Sarino menambahkan, dengan keluarnya aturan turunan omnibus law, yakni Peraturan Pemerintah Nomor 35 Tahun 2021, ada perusahaan yang mengganti pekerjanya. Artinya, perusahan melakukan pemutusan hubungan kerja (PHK) bagi karyawan tetap dan menggantikan para karyawan itu dengan pekerja baru.
”Faktanya, perusahaan itu masih jalan. Tetapi pekerja lama diganti dengan pekerja baru dengan upah yang lebih murah,” katanya.
Sarino berharap di masa PPKM ini, keberpihakan pemerintah kian dibutuhkan. Sebab, dari data FSPMI, sekitar 2.000 buruh di wilayah Kabupaten Bekasi yang menjadi korban PHK.
Ketua Serikat Pekerja Seluruh Indonesia Bekasi R Abdullah menyatakan, nasib buruh di masa PPKM darurat memprihatinkan. Di Bekasi, baik kota maupun kabupaten didominasi industri manufaktur. Oleh karena itu, sebagian besar perusahaan tetap diberikan kesempatan untuk beroperasi selama memenuhi syarat dari Kementerian Perindustrian.
”Praktiknya tetap menjaga standar protokol kesehatan. Baik itu melalui pembagian jam kerja, karyawan dirumahkan, dikurangi, bahkan ada PHK massal,” kata Abdullah.
PHK massal itu, kata Abdullah, terjadi pada salah satu perusahaan di Kawasan Industri Hyundai, Kabupaten Bekasi. Ada sekitar 300 karyawan dari 450 karyawan yang bekerja di perusahaan itu yang menjadi korban PHK.
”Yang sangat disesalkan sebagian perusahaan memanfaatkan undang-undang yang baru, Undang-undang 11 Tahun 2020 tentang Cipta Kerja. Jadi, perusahaan tidak terlebih dahulu merundingkan dengan serikat pekerja, tetapi cukup diberitahukan jika ada PHK. Apabila ada keberatan, baru dirundingkan. Artinya, putusan diambil dulu, musyawarah dilakukan kemudian,” kata Abdullah.
Tak tepat sasaran
Kondisi buruh yang kian terdampak pandemi hingga terkena PHK membutuhkan perlindungan dari pemerintah. BSU yang diberikan pemerintah hanya diberikan kepada karyawan yang bekerja di perusahaan kecil dan menengah. ”Di industri manufaktur tidak berlaku (BSU) karena ketentuannya upah minimum,” kata Abdullah.

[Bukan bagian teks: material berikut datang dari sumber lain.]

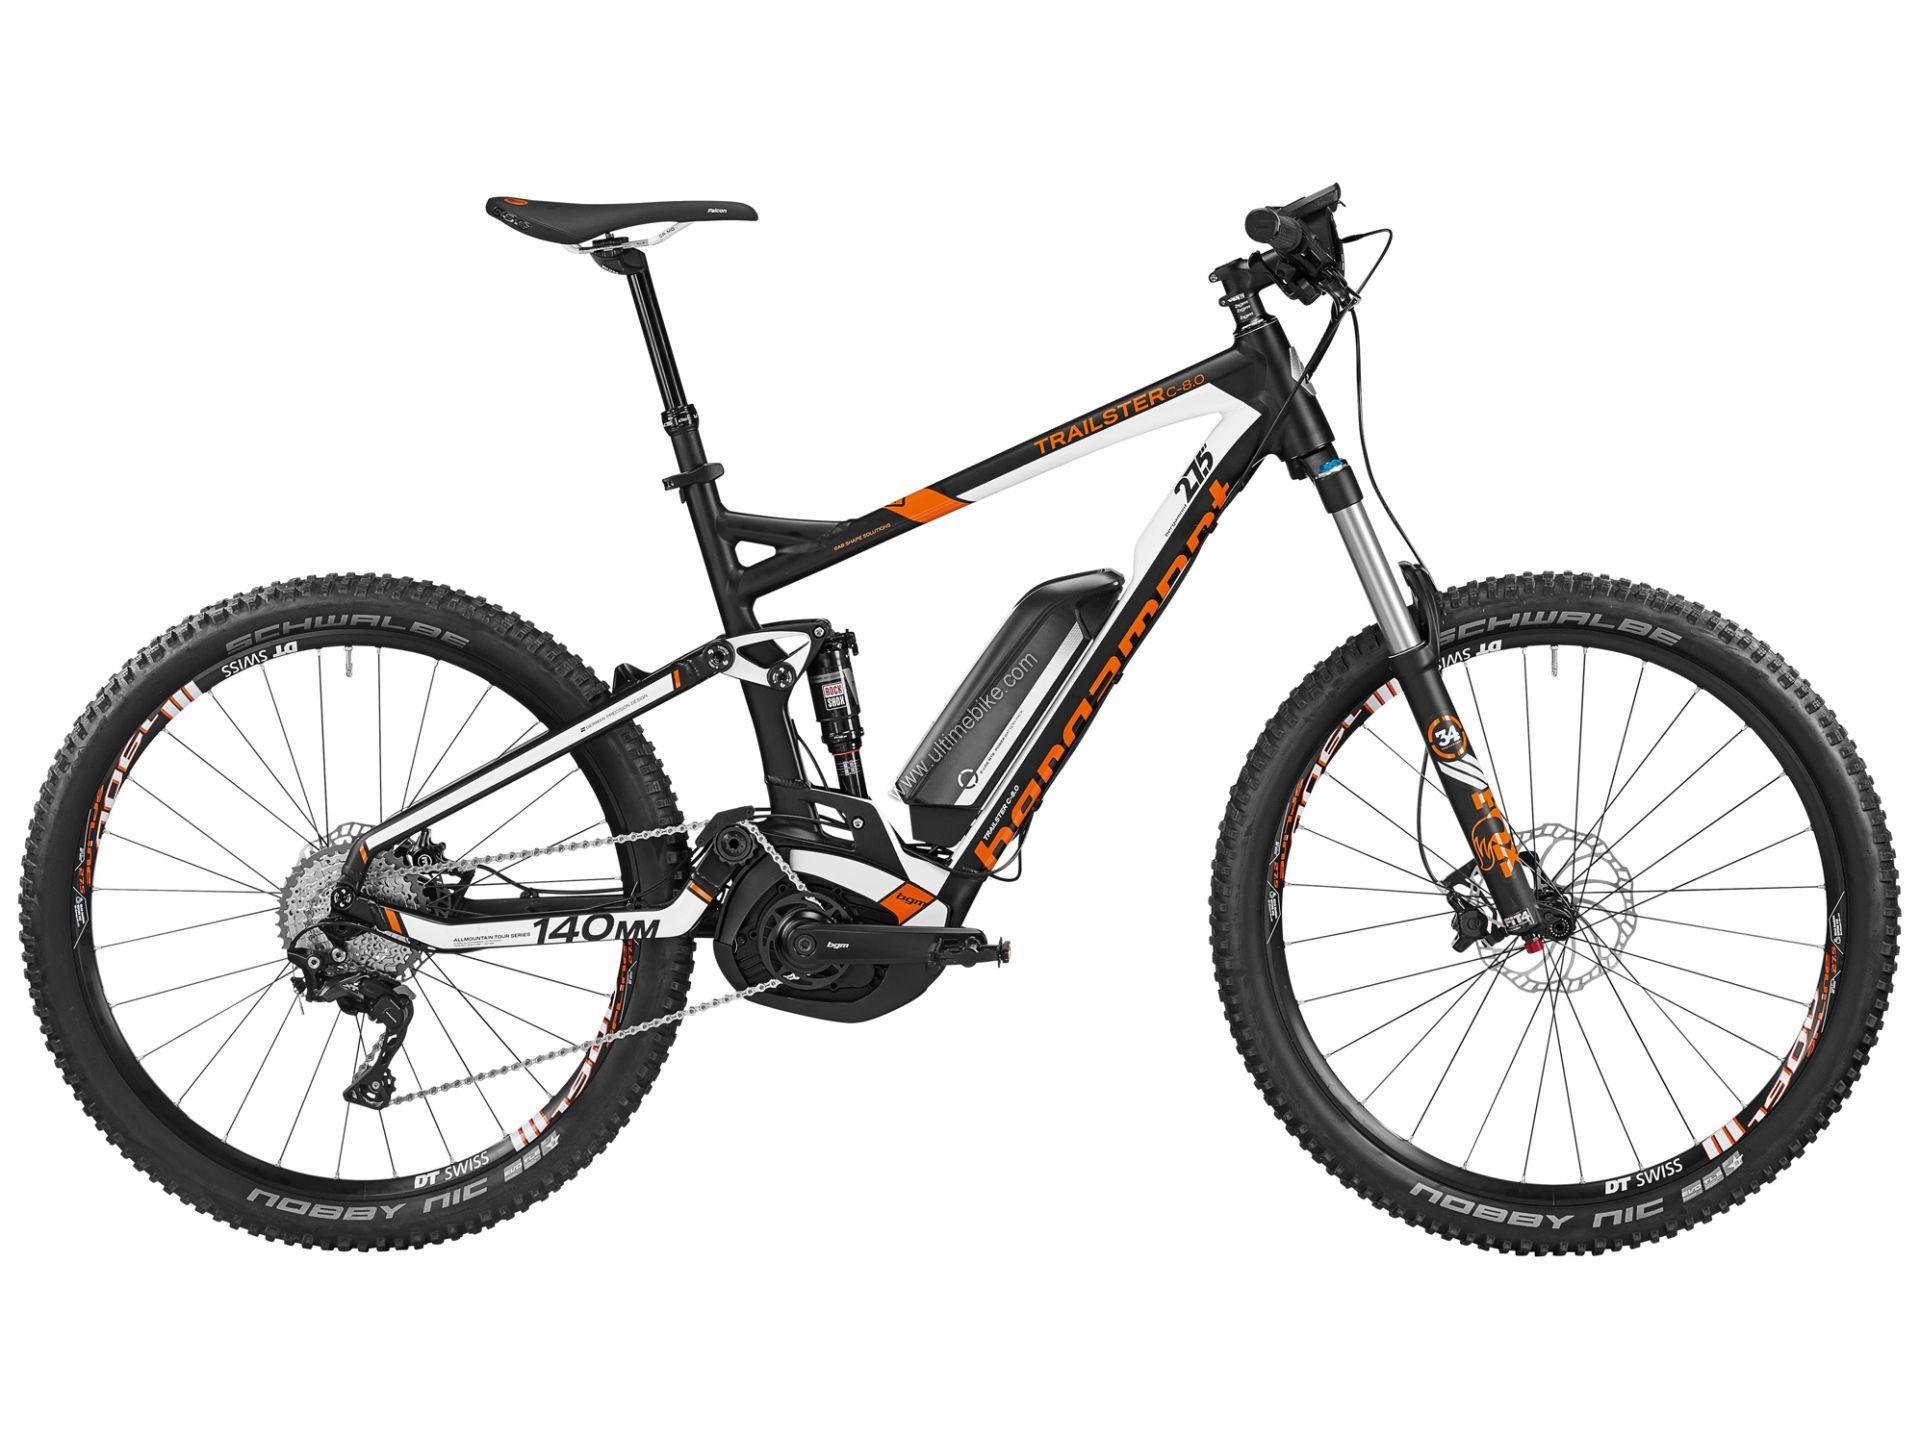 Vtt tout suspendu assistance lectrique vtt en vente sur ultime bike - Assistance electrique vtt ...

Serikat buruh kini berharap banyak agar penanggulangan Covid-19 segera dituntaskan. Tujuannya, agar masyarakat dan pekerja bisa kembali beraktivitas normal. Selain itu, karena dampak Covid-19 sebagai risiko sosial, bantuan dan uluran tangan dari pemerintah dinilai wajib.
”Pemerintah perlu memberi bantuan kepada pekerja-pekerja yang sudah diakhiri masa kerjanya, diberikan alternatif-alternatif tertentu. Bagaimanapun, pekerja yang terkena PHK itu merupakan awal penderitaan,” ucapnya.